Avro

It took me a while to figure out how to write an Avro file which can be imported into Hive and Impala.

There are a lot of OutputFormat in avro 1.7.3: AvroOutputFormat, AvroKeyOutputFormat, AvroKeyValueOutputFormat and AvroSequenceFileOutputFormat. Which one can be imported into Hive? You should use AvroKeyOutputFormat in MapReduce Job to output Avro Container Files.
You cannot specified any above output format in hive create table "stored as" clause because they don't implement HiveOutputFormat.

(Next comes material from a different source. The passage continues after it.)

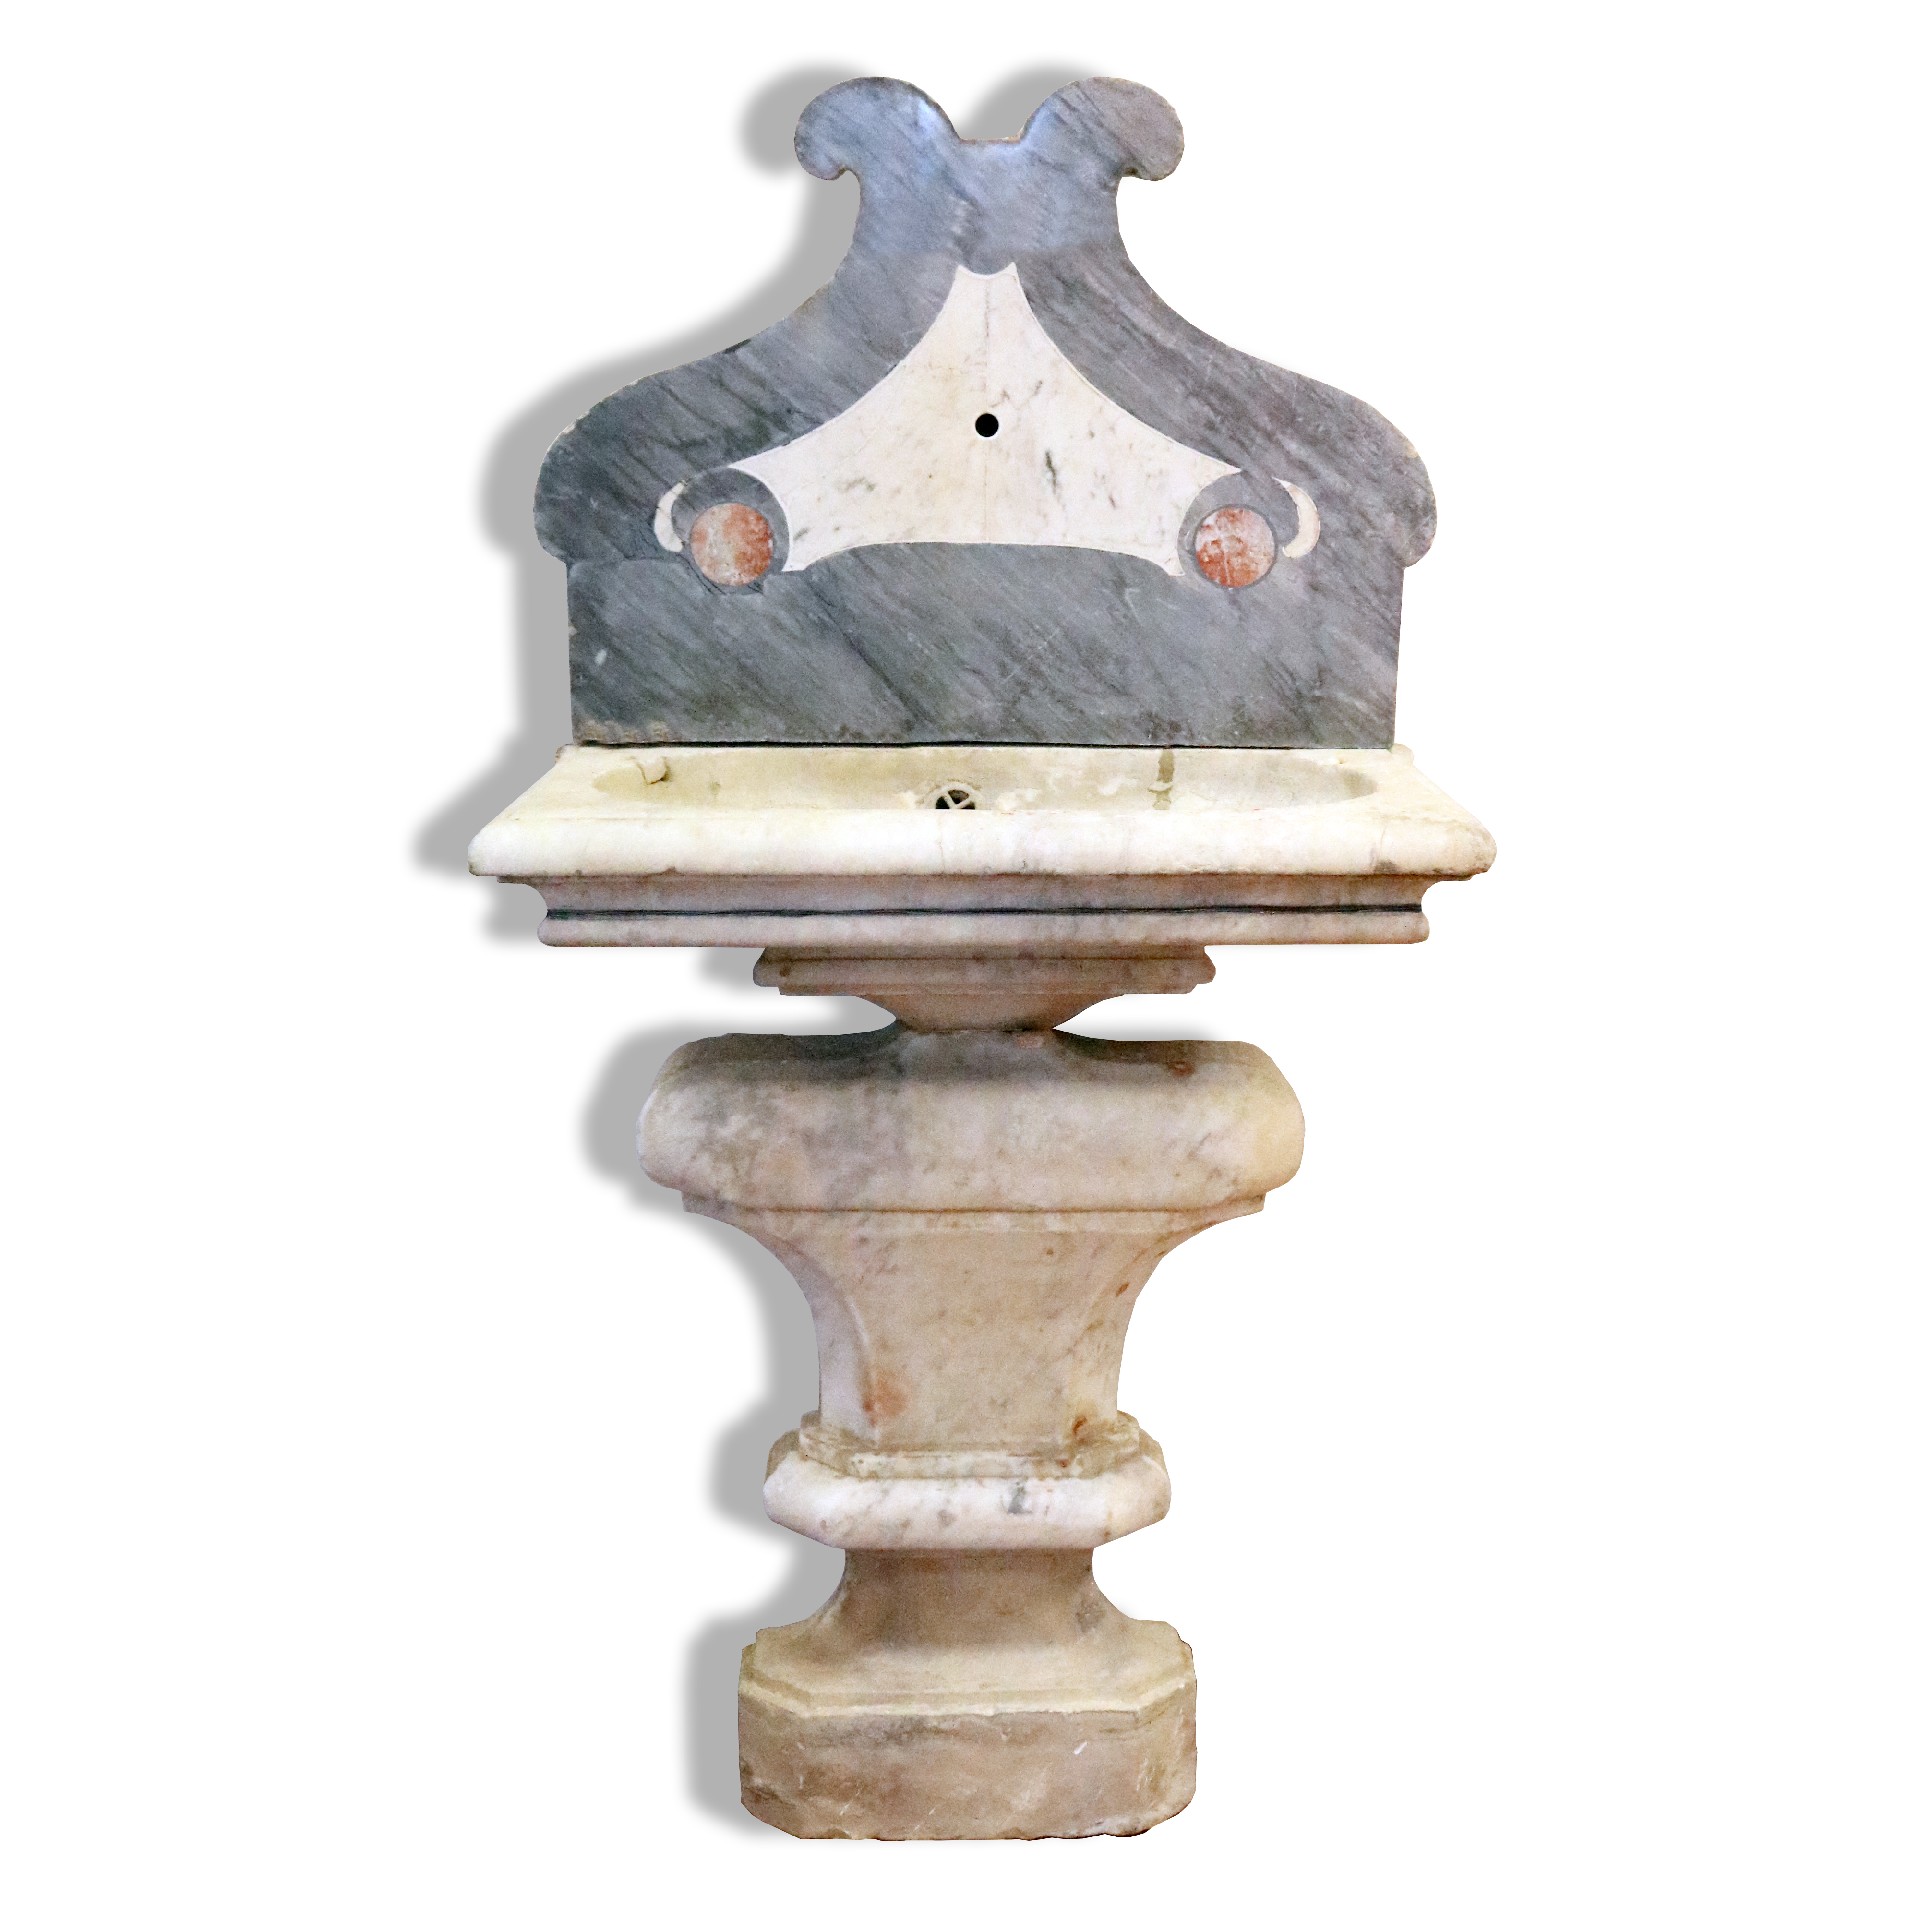 Antica fontana in marmo da muro. - Fontane Antiche - Arredo Giardino - Prodotti - Antichità Fiorillo

Follow the example on this page: https://cwiki.apache.org/confluence/display/Hive/AvroSerDe. Unfortunately if you use "Avro Hive" to search, google shows your this page https://cwiki.apache.org/Hive/avroserde-working-with-avro-from-hive.html which has a wrong example, and you will get error message like:
```
FAILED: Error in metadata: Cannot validate serde: org.apache.hadoop.hive.serde2.AvroSerDe
FAILED: Execution Error, return code 1 from org.apache.hadoop.hive.ql.exec.DDLTask
```
What's wrong? The serde name should be org.apache.hadoop.hive.serde2.avro.AvroSerDe
You don't have to define the columns because it can get from avro schema.